For the SALSA scale, no problems were noticed regarding the conceptual, semantic or operational equivalence during the pilot. Question 2 led to confusion, and was therefore revised. The measurement properties were considered as good. Item 4 was most difficult to understand.


During the pilot, WGQ item 4 was revised. According to this and other studies, it is recommended to use the new version of the item. Semantic, item and operational equivalences are supported. When compared with the WGQ(6), the WGQ(11) is more comprehensive in facing all aspects of the construct activity, is more internal consistent, and is more sensitive in finding people facing activity limitations. Concluding, the WGQ(11) is more favourable to use in the study population.

The Bahasa Indonesia version of the P-Scale was already used in two large studies among persons affected by leprosy, which were partly conducted on Java. Therefore, remaining problems with the translation were unlikely. Indeed, this study did not find problems regarding semantic, item or operational equivalence. Although the internal consistency was lower compared with other studies, it still is considered as adequate. The other measurement equivalences were considered as good.
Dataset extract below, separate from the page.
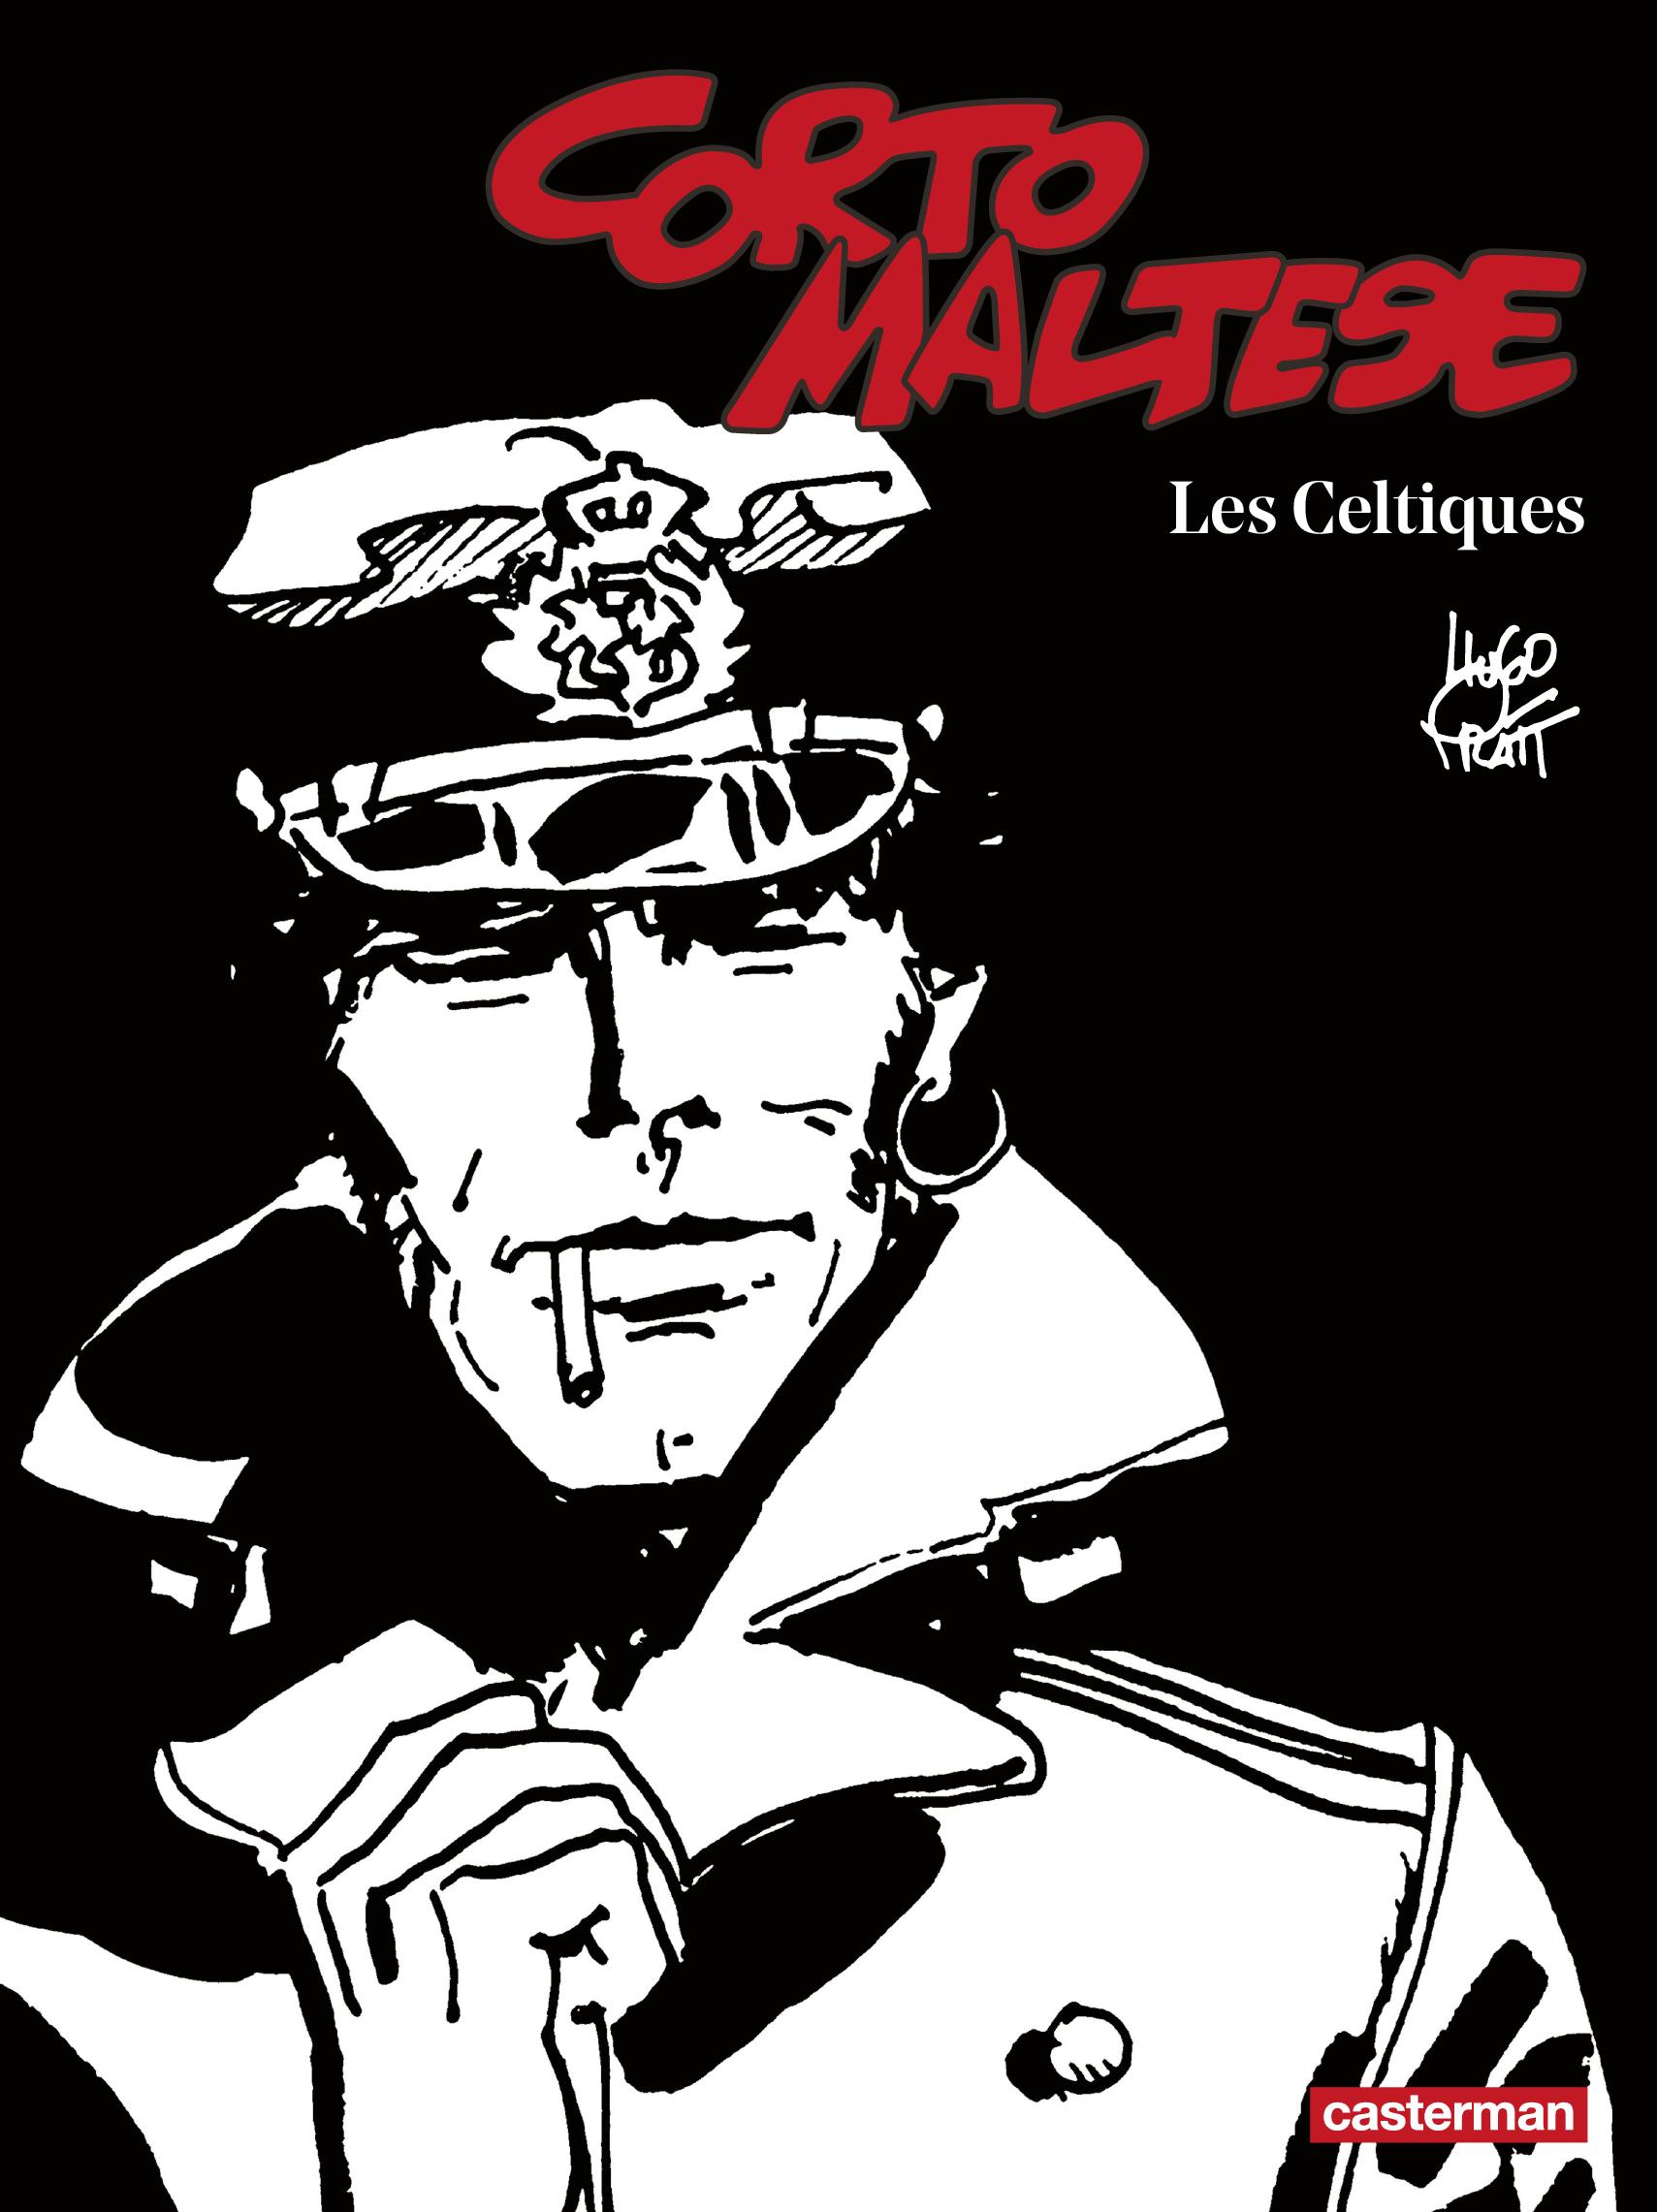 Corto Maltese (Tome 4) - Les Celtiques (édition enrichie noir et blanc)

According to this and other studies, SALSA scale item 3 seemed to be less relevant when the answer option about risk avoidance is deleted. Therefore, this study recommends to remove question 3 if this answer option is removed as well. For question 2 is recommended to use the revised version and to make it two separate questions. The measurement properties of the SALSA scale are supported. 4


The overall conclusion is that this study shows that the WGQ(6), WGQ(11), P-Scale Short and SALSA are overall cultural valid to use among persons affected by leprosy in West-Java, while the WGQ(11) is in this study context more favourable than the WGQ(6). This study results are not one-to-one generalizable to other NTDs or regions: carefully testing or validating in the new context is needed. Persons who want to use these and other tools need to be highly aware of the importance of cultural validation of tools. More validation on a broader scale will be needed to develop an internationally usable cross-NTD toolkit of instruments to measure NTD-related morbidity and disability.